Chia Seeds

Chia seeds are a nutrient-dense food that is high in protein. These tiny black seeds are a good source of omega-3 fatty acids, fiber, magnesium, zinc, and selenium. They also contain all of the amino acids needed to make a complete protein. Chia seeds can be eaten raw, ground into flour for baking, or cooked in dishes. They have a mild flavor making them easy to add to a variety of foods.
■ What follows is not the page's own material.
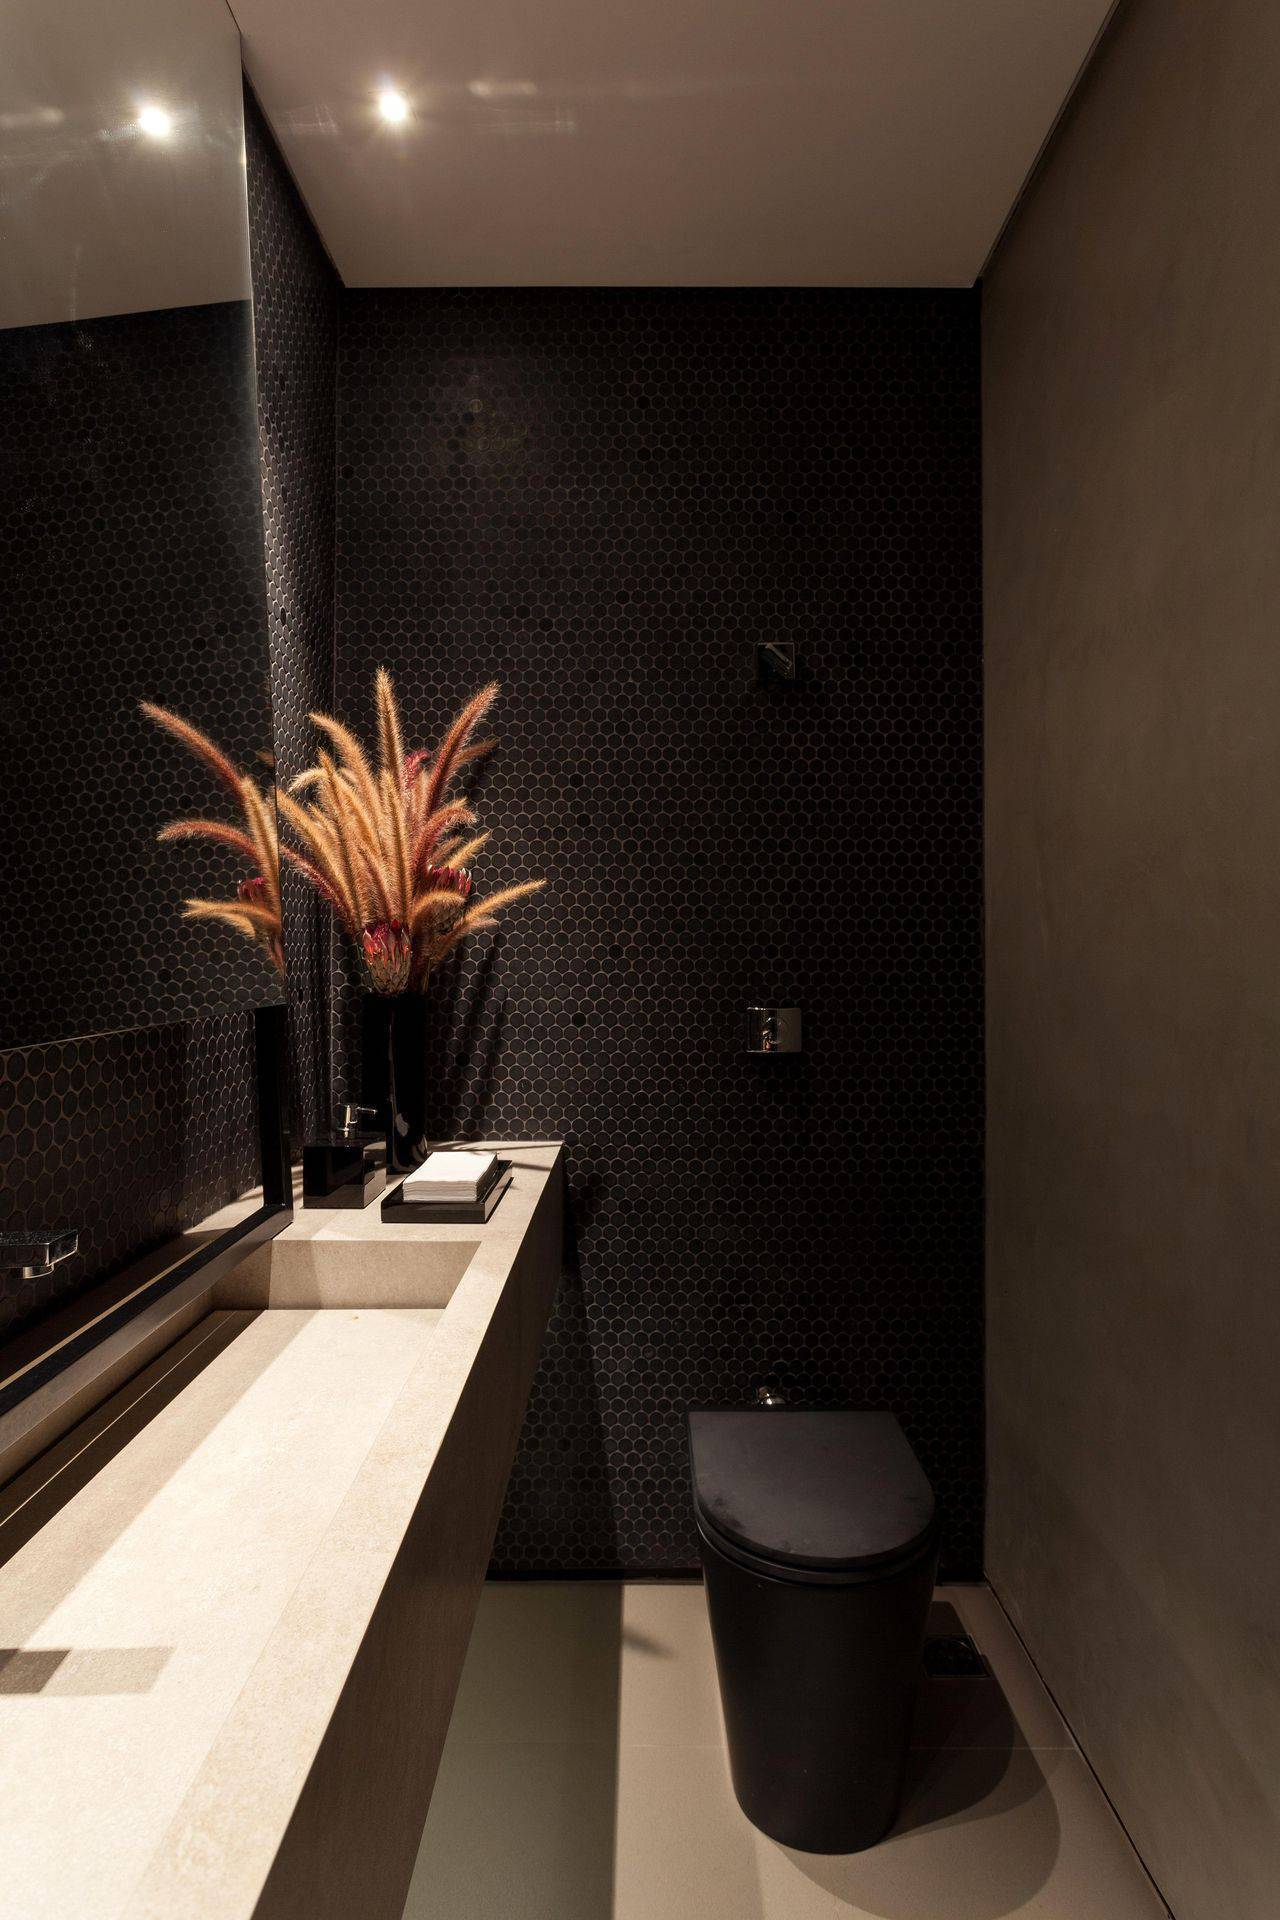 vaso sanitario banheiro consuelo jorge 84793

They’re also super versatile due to their ability to capture water and form a gel-like substance.
Peas

Peas are an excellent source of protein, fiber, and vitamins A and C. They also contain essential B-complex vitamins and minerals such as potassium, magnesium, and zinc. They can be eaten fresh or frozen and added to salads, soups, or stir-fries. You can also be made into a healthy and delicious pea soup. Peas are readily available and affordable, making them a good choice for those looking for cheap plant-based protein sources.
Buckwheat

Many people may not know that buckwheat is not actually a grain al it is often referred to as one. This pseudocereal is a good source of protein, fiber, magnesium, and zinc. Buckwheat can be eaten as a standalone grain, or it can be used in place of rice or other grains in dishes. It has a distinct flavor and can be found at most health food stores. Buckwheat is also gluten-free, making it a good choice for those with gluten sensitivities. One cup of cooked buckwheat provides 8 grams of protein. It is also a good source of the essential amino acid lysine, which is vital for tissue growth and repair.
Amaranth

Not as common as some of the other things on this list, amaranth is nonetheless a great source of protein for those on a plant-based diet. A single cup of amaranth contains 9 grams of protein and 5 grams of fiber, and plenty of vitamins and minerals.
Amaranth also has a relatively mild flavor, so it can be added to all sorts of dishes without overpowering the other flavors. One great way to enjoy amaranth is by cooking it into a porridge. You can add in any flavors you like, such as sweetener, fruit, and nuts, or just eat it plain. Amaranth can also be added to soups, stews, casseroles, or flour in baking. Give amaranth a try and see how you like it!
Conclusion
As most people know, protein is an essential nutrient to living a healthy life. Getting protein from a plant-based diet is easy and can be accomplished by eating a variety of different foods. With so many plant-based protein sources available, there is sure to be something for everyone. Try incorporating some of these healthy and delicious foods into your next meal and enjoy the benefits of a protein-rich diet.